Each tree node has been annotated with the line count of the scope it represents. If we find, in some other function, a tree with similar structure
and line counts that becomes a candidate to examine for code duplication. We won't go into how we measure similarity - its not complicated, but
isn't relevant to a discussion of the M-ary Tree.
MTree
Figure 3. - MTree<Node> Package Classes
Design:
The MTree<Node> class and helper class, MNode<T>, are relatively simple template classes. The template parameter Node used by
MTree<Node> is expected to take the type MNode<T> where T represents the type of data held by each node. That may be a library type
like a string or some user-defined type that holds composite information.
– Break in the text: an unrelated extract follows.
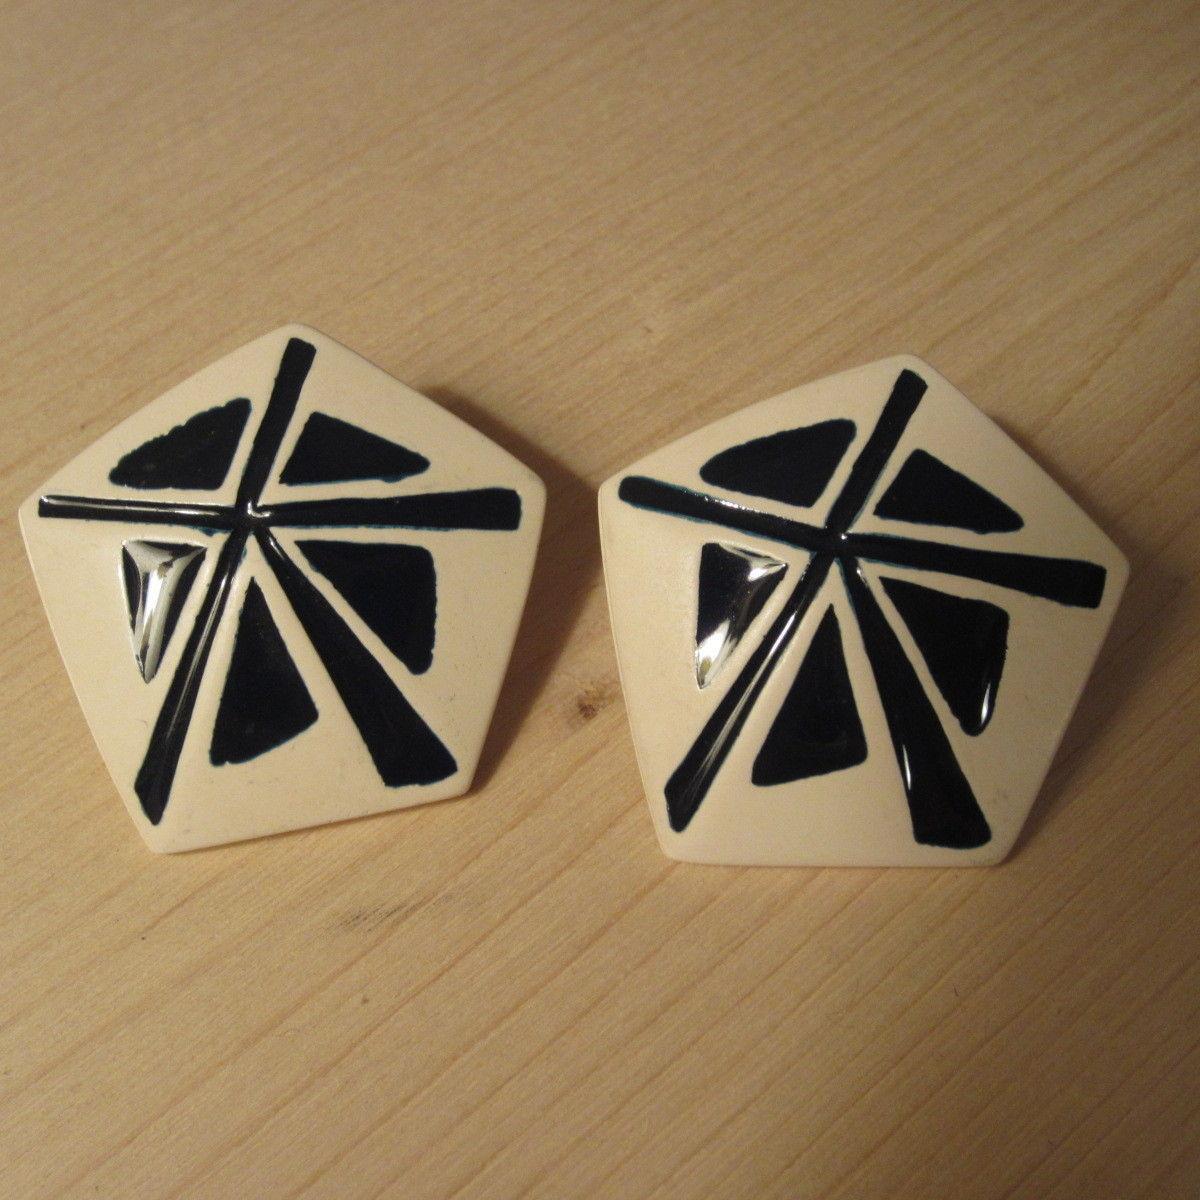 21 Geometric Earring Designs Ideas Models Design

Each instance of MNode<T> holds a vector of pointers to child nodes, created on the native C++ heap. The class provides methods to
add and remove child nodes and mark nodes for traversal. The MTree<Node> class provides a method to make an instance of its Node parameter
the tree root and assumes that the Node addChild method will be used to build out the tree.
Client programs interact with an instance of MTree<Node> in two ways. The using code may define a class derived from the Operation<Node>
class that defines what processing should occur when nodes are encountered on a depth first tree traversal. The class can provide accessor functions
to feed the operation, initializing data and collect results at the end of traversal.
Clients may also use the methods MTree<Node>::find() and MTree<Node>::finder(). find() simply returns with a pointer to a Node that
has a specified value, if it exists, else returns null. finder() uses an instance of finderOp<Node>, derived from Operation<Node>.
This nominally does the same thing, except that finder() has more control over how the search is implemented.
MTree
Figure 4. - MTree<Node> Output
Typical Output:
Demo output is presented in Figure 4, which shows test code traversing the MTree and using find and finder. Also shown is the removal
of an MTree<Node> node, making copies of the tree and assigning to other tree instances.
Source Code:
This M-ary Tree Demo is written in C++ using Visual Studio 2012 and compiles and runs using Visual Studio 2013 as well.
You will find the code here:
The MTree<Node> package demonstrates how you can use C++ to build something close to an Abstract Data Type (ADT). We haven't made an
effort to make this container compatible with the algorithms in the STL. That wouldn't be too hard to do, but the package isn't widely applicable
outside of the way we will be using it, so we chose not to do that.